*** PROVIDED MATERIAL ***

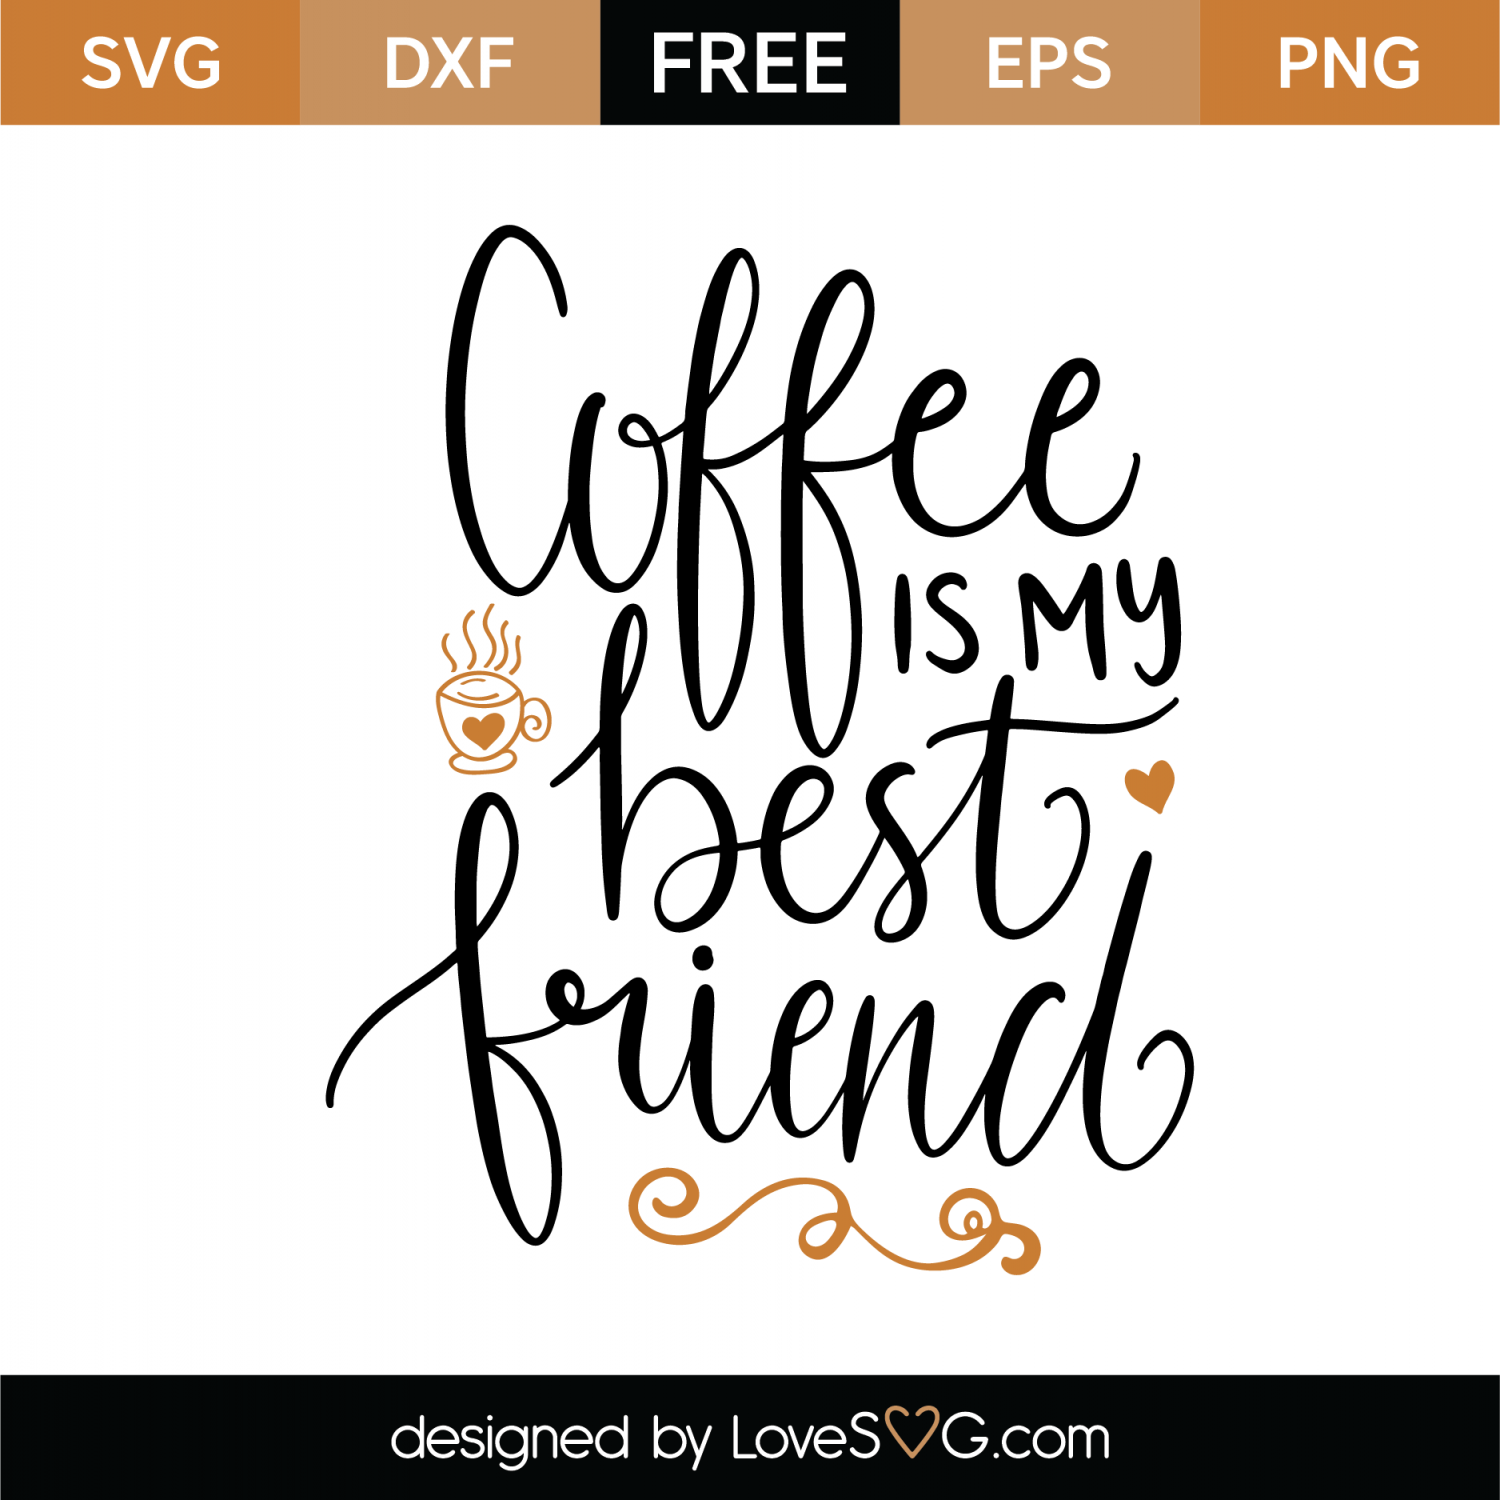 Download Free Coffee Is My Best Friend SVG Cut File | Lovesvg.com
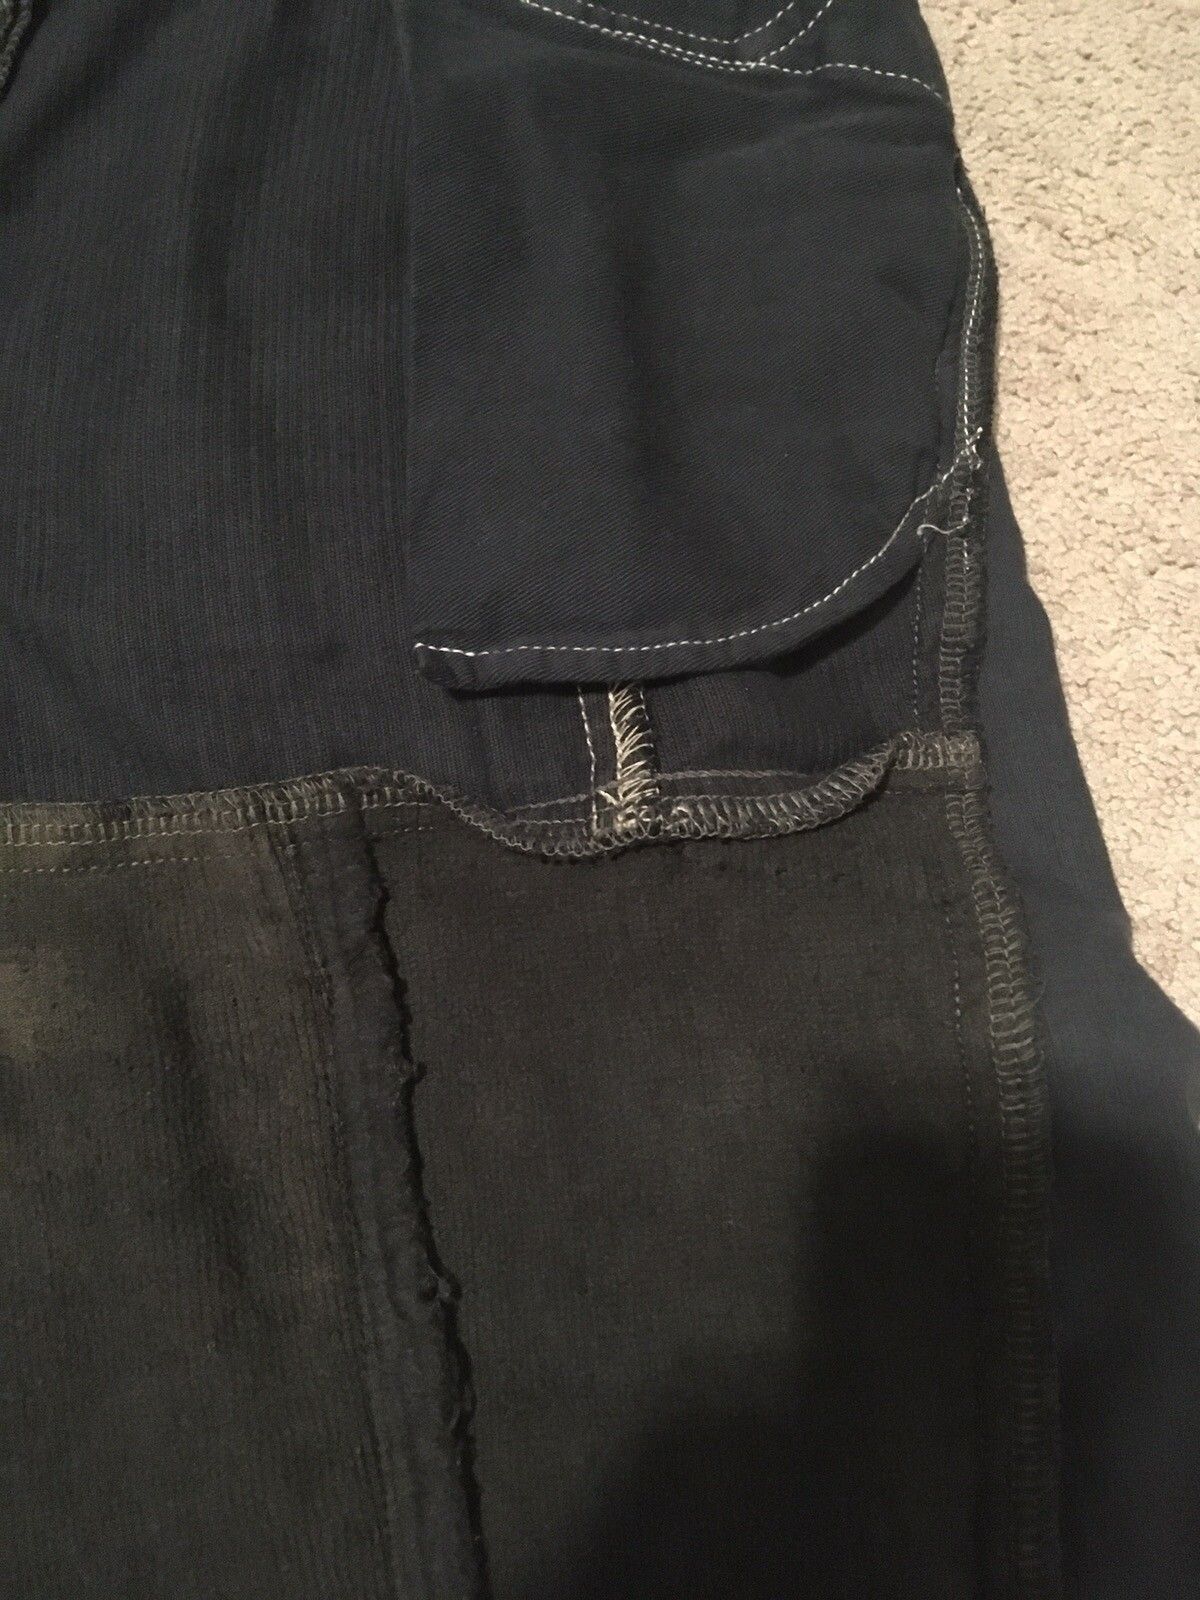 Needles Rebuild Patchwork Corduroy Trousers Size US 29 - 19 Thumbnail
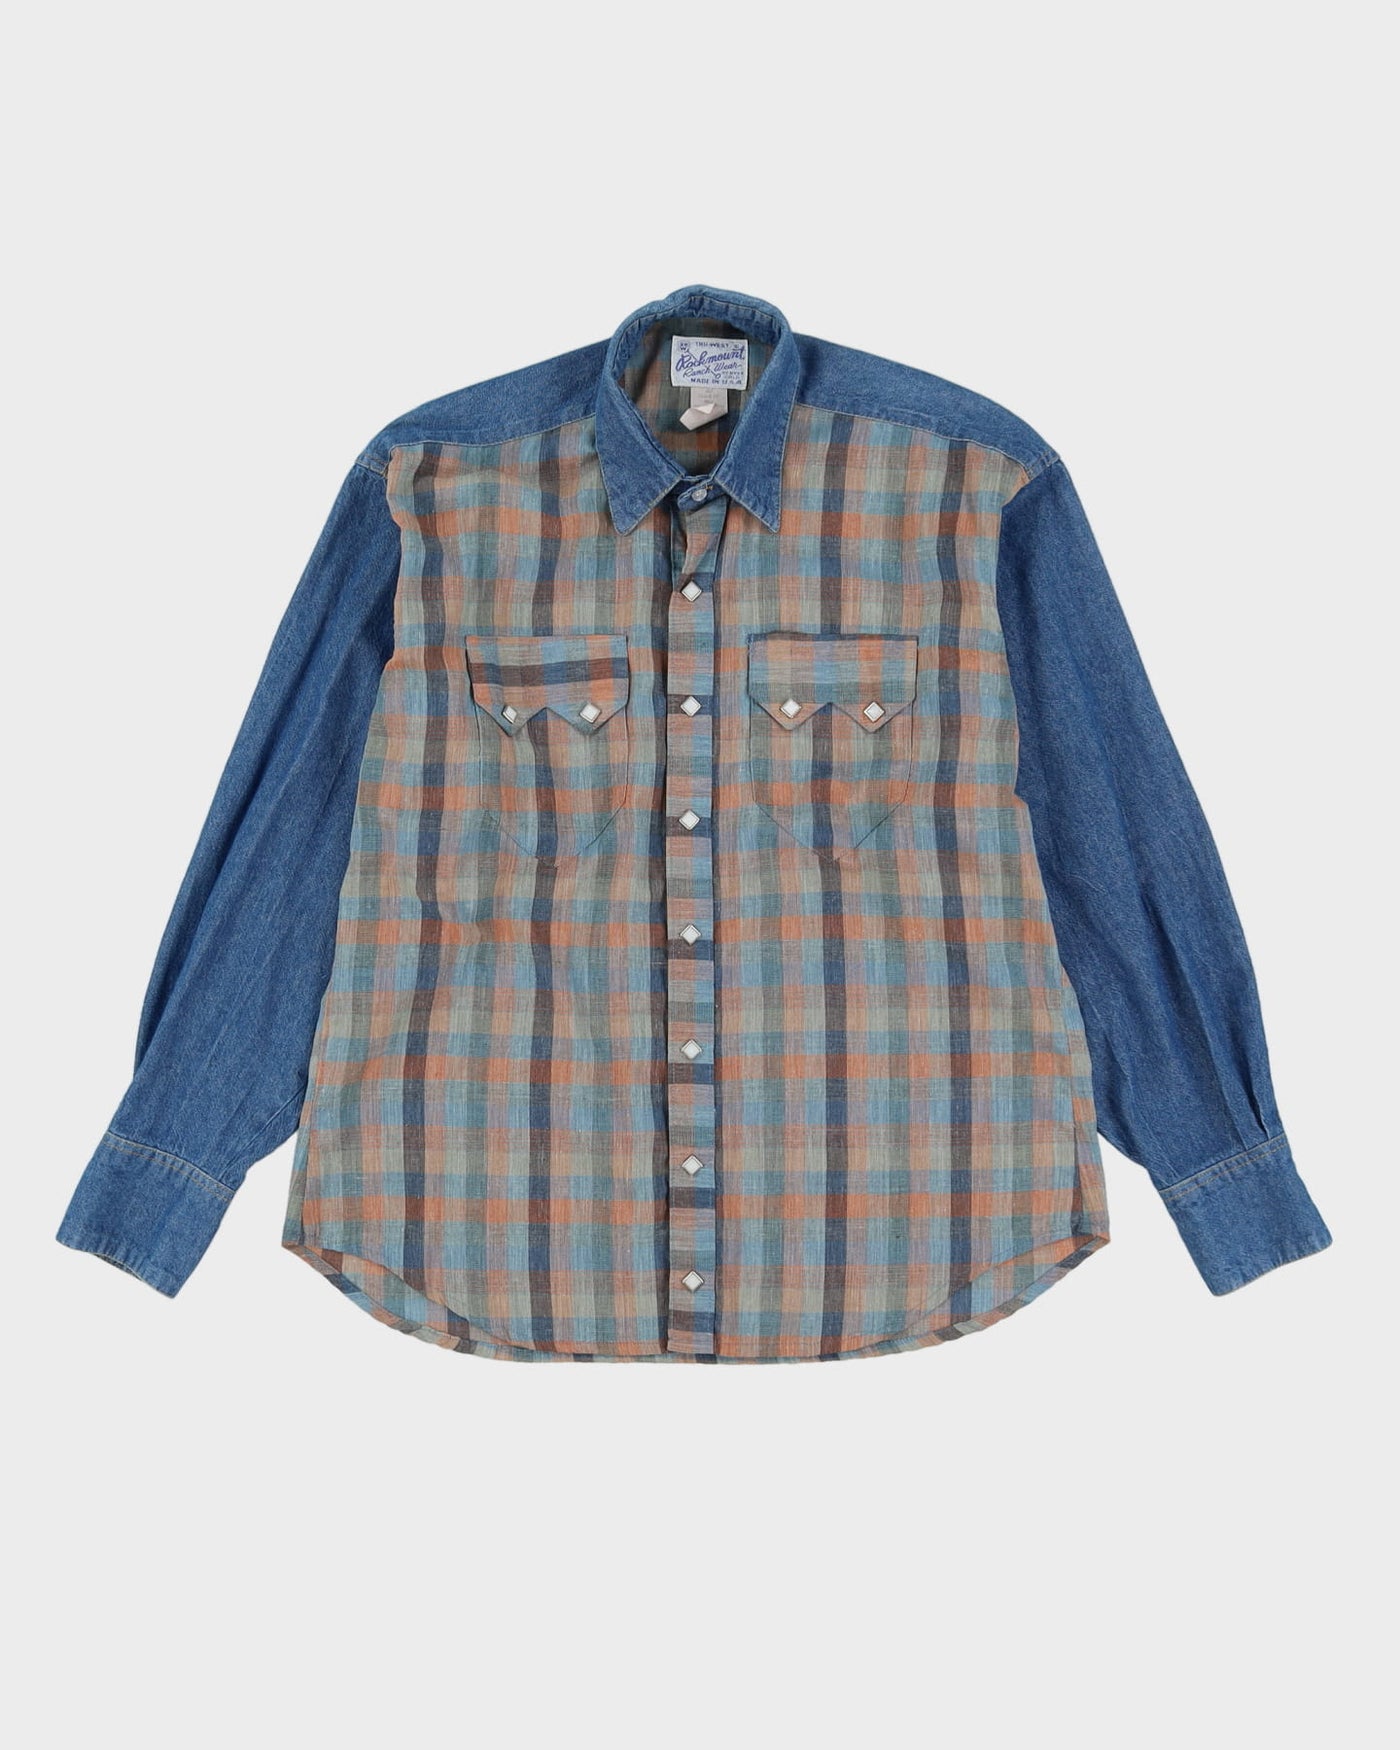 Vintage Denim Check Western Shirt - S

*** End of PROVIDED MATERIAL ***

PROBLEM DETAILS: Copy the listing above verbatim; the pictures it contains are to stay out.

RESPONSE:
 Download Free Coffee Is My Best Friend SVG Cut File | Lovesvg.com
 Needles Rebuild Patchwork Corduroy Trousers Size US 29 - 19 Thumbnail
 Vintage Denim Check Western Shirt - S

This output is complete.